The written description of your program doesn't seem to contain any
hint of discarding sequences of words that are not legal sentences.
This leads me to believe that the program will produce output which
is claimed to be a sentence, but which isn't.

If you had a sample grammar for sentences, you might be able to
dramatically increase the program's efficiency.  (Or decrease it).

Also, since my Ripley's Big Book from the '39 World's Fair has two separate
English sentences which use all 26 letters once, there is no correct
answer to the stated problem, which assumes there is only one such sentence.
You might as well quit while you're ahead.

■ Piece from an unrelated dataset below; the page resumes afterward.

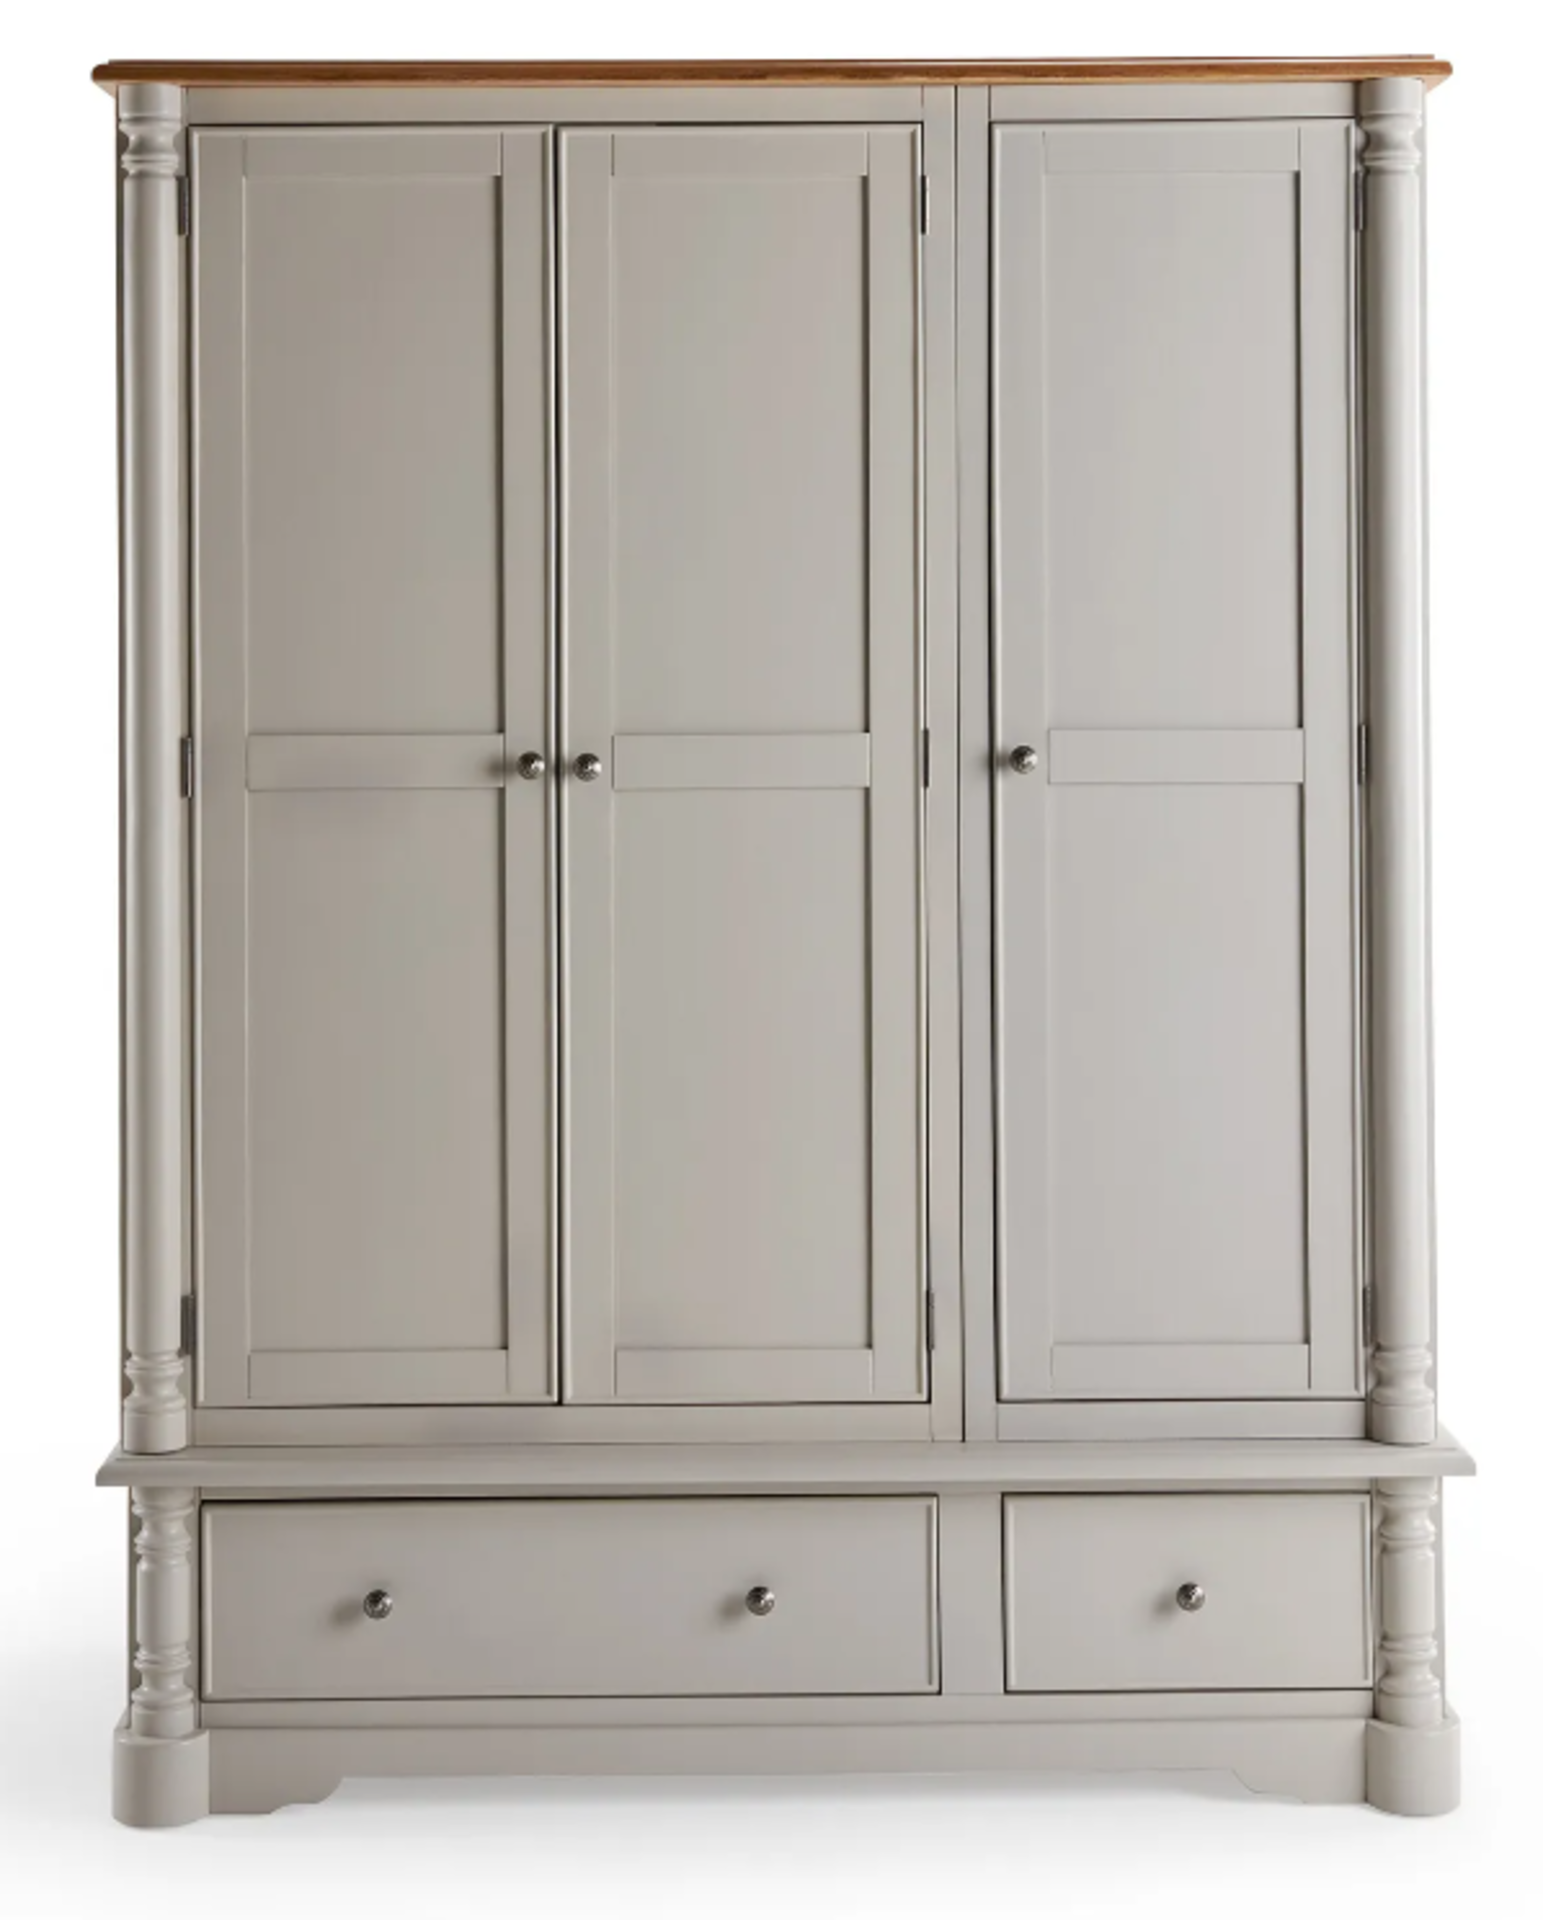 ROMAN Rustic Solid Oak & Painted Triple Wardrobe. RRP £1,299.00. Roman has a welcoming and stately

No, I don't have the book with me, but I remember one of the two.
				/AHM
448.3Not intended to be a sentenceLYRA::THALLERKurt (Tex) ThallerTue Mar 04 1986 01:3512
    re. .2,
    The original note states that the search is not trying to look for
    a sentence, but merely a set of words spanning the 26 letters.
    
    This sounds intriguing.  If I get a chance I'll look into improving
    the algorithm a bit.
    
    p.s.  Where did you get the 80000 word dictionary?  Can I have access
    to it?
    
    	Kurt*
    
448.4CLT::GILBERTJuggler of NoterdomTue Mar 04 1986 06:0936
This is the 'cover' problem, which I suspect is NP-complete.
This doesn't mean that the particular problem is insurmountable.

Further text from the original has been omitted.